Red Bull team boss Christian Horner has warned that action needs to be taken over the current budget cap in the sport for fear this year's championship might end up getting decided in the courtroom.

The budget cap was introduced into Formula 1 to put a limit on how much teams can spend, with the idea being that it should eventually allow for a more even playing field between the teams with bigger budgets and those with smaller budgets, allowing for the chance for those with the latter to potentially compete up near the front.

Indeed, it is a sound idea in principle but with wider market factors like inflation and energy prices going through the roof, even the mega-bucks Formula 1 teams are feeling a bit of a squeeze.

Of course, you won't catch them asking for sympathy given the situation some now find themselves in but Horner has raised the point that certain external factors that few would have predicted when designing the cap are now viable cause for a rethink at least for the time being:

"The way you design your car is within your control," said Horner to Sky Sports.

"That is something that you, together with your group of designers, you create. You're in control of your own destiny.

"What we're seeing in the world at the moment, we're not in control of the inflationary costs that are affecting households around the world. In the UK, we're seeing predicted inflation at 11%.

"That's a direct effect on staff, on raw materials, on electricity, on commodities, on supplied parts. I think it genuinely is a force majeure situation that the FIA need to deal with.

"There's probably about 50% of the teams who are going to breach the cap at the end of the year if it continues the way things are. Probably even more.

BARCELONA, SPAIN - MAY 21: Red Bull Racing Team Principal Christian Horner looks on from the pitwall during qualifying ahead of the F1 Grand Prix of Spain at Circuit de Barcelona-Catalunya on May 21, 2022 in Barcelona, Spain. (Photo by Mark Thompson/Getty Images)
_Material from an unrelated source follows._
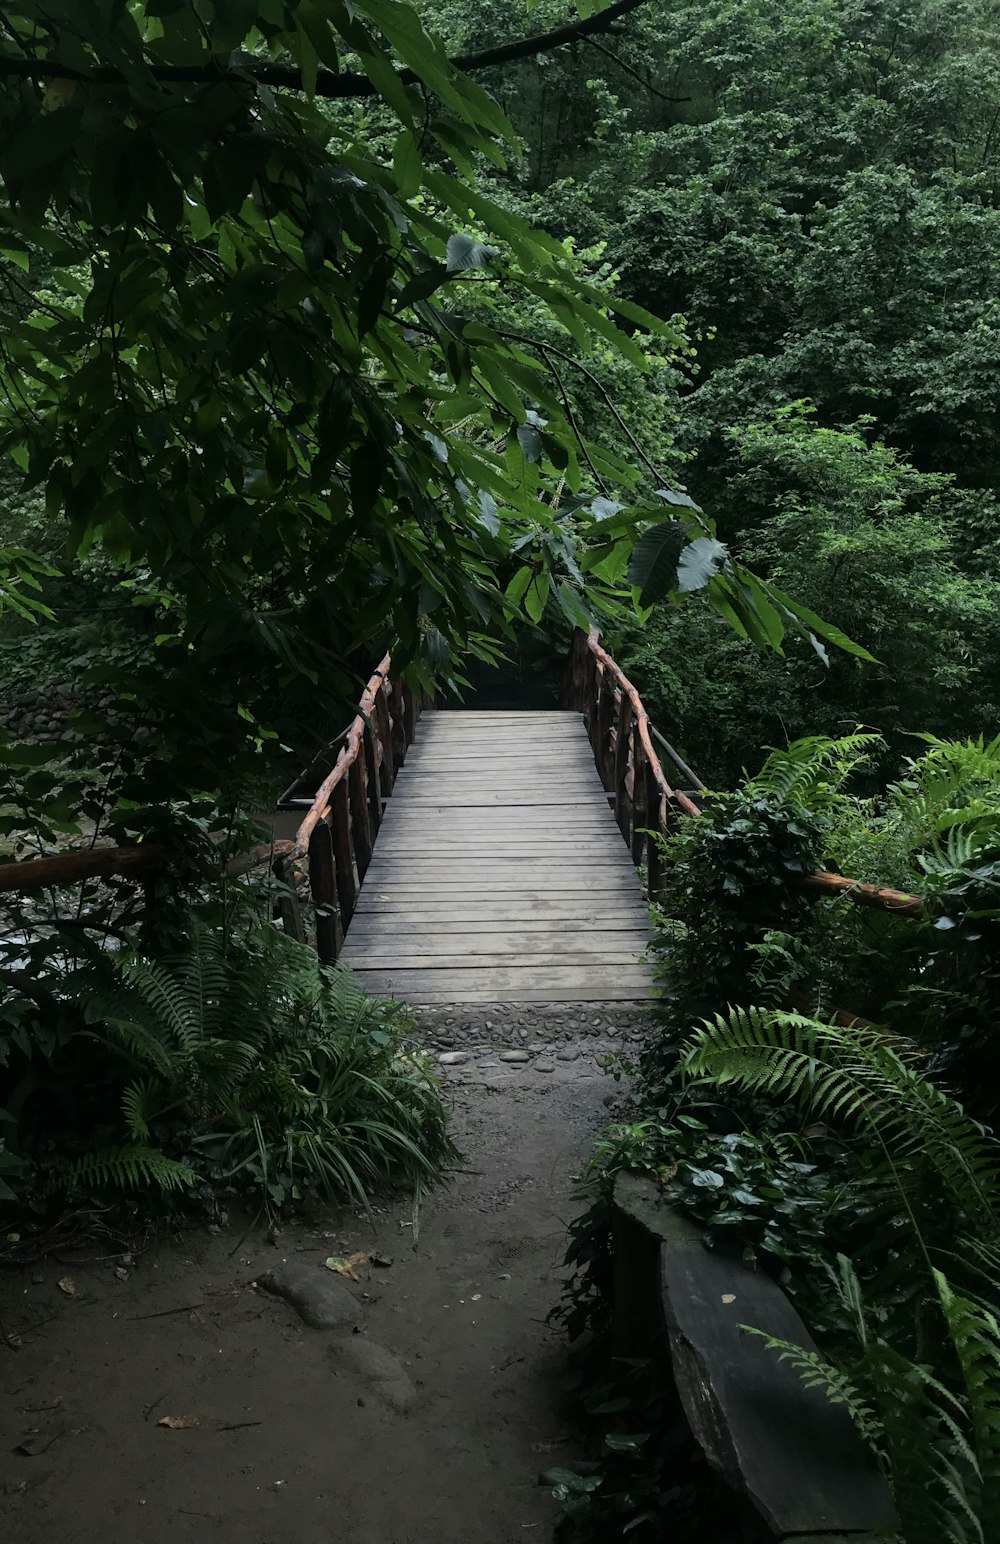 brown wooden bridge in the middle of green trees

"We don't want a championship decided in law courts, or in Paris in front of the FIA.

"We've got six months of the year to address this, we need to act now.

"I think the top teams would have to get rid of circa two, three hundred people each, to get anywhere near addressing it. Is that right?

"The problem is if the cost cap fails badly, it'll be gone forever.

"We need to find a solution to this issue. Nobody could have predicted this. We lowered the cost cap by $35m during the pandemic, and nobody could have predicted the issues that we've got."